Let $V,W$ be finite-dimensional real inner product spaces, and let $T \in \text{Hom}(V,V), S \in \text{Hom}(W,W)$ be skew-symmetric operators.
Define the following map $\phi \in \text{Hom}(V\otimes W,V\otimes W)$ by requiring $$ \phi(v \otimes w)=T(v) \otimes w + v \otimes S(w). $$ Now, suppose that $\phi=0$ is the zero element.

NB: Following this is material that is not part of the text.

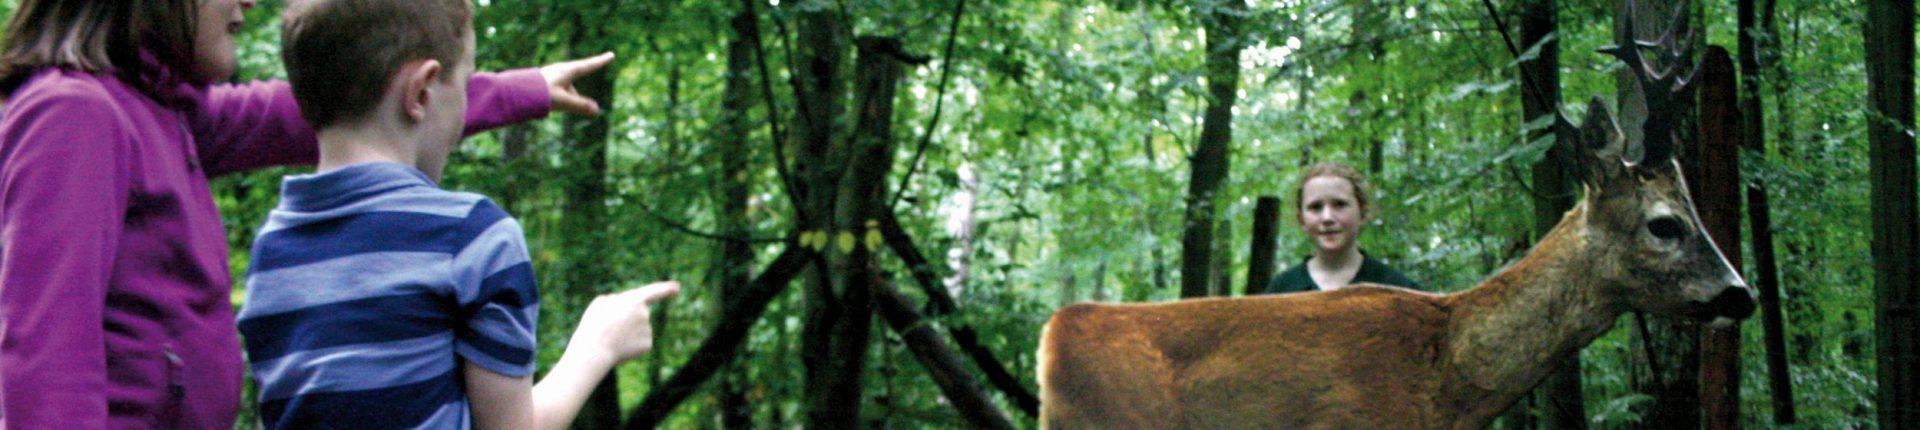 Jagdhistorische Pirsch
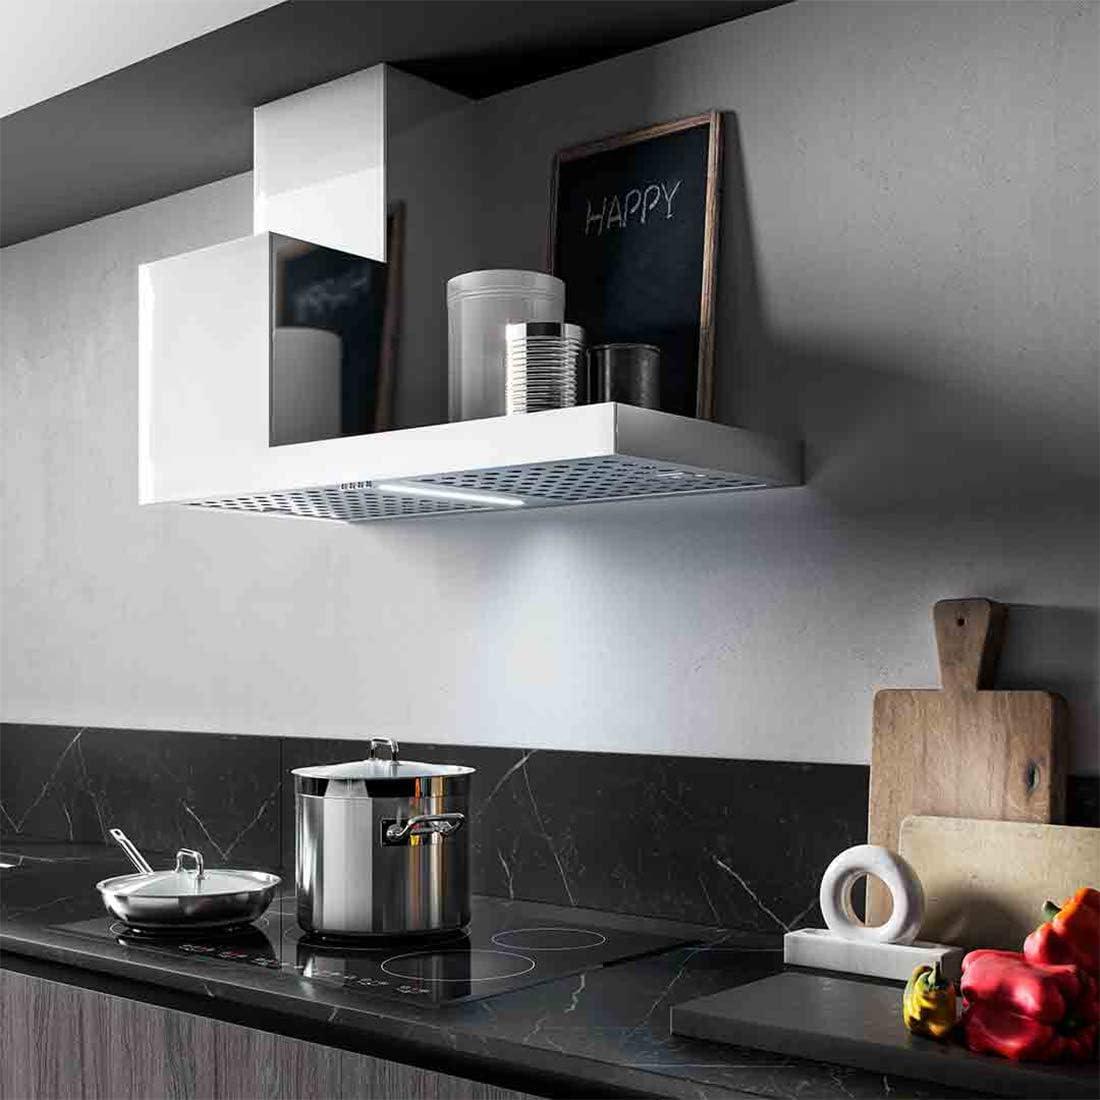 KDesign Campana extractora de pared, modelo K105, disponible en 2 tamaños, filtros de carbono, iluminación LED, diseño 100% fabricado en Italia (120 cm lado derecho)

Does $T=0,S=0$?
If we remove the requirement of skew-symmetry, then this is not true, e.g. one can take $T=id, S=-id$.
I managed to prove this when $\dim V=\dim W=2$:
In that case every skew-symmetric map can be identified with $\begin{pmatrix} 0 & a \\\ -a & 0 \end{pmatrix}$, so the computation reduces to something easy.
Assume $\phi = T\otimes \text{id}_W + \text{id}_V\otimes S =0$.
Then, for $v,v' \in V, w \in W\backslash \{0\}$, we have $\langle w,Sw\rangle = 0$ and therefore \begin{align} 0 &= \langle v'\otimes w, \phi(v\otimes w)\rangle \\ &= \langle v'\otimes w, v\otimes Sw+ Tv\otimes w\rangle\\ &=\langle v',v\rangle \langle w,Sw\rangle + \langle v',Tv\rangle\|w\|^2 \\ &= \langle v',Tv\rangle\|w\|^2 \end{align}
Since this is true for all $v,v'\in V$, we have $T = 0$. By the same argument, $S = 0$.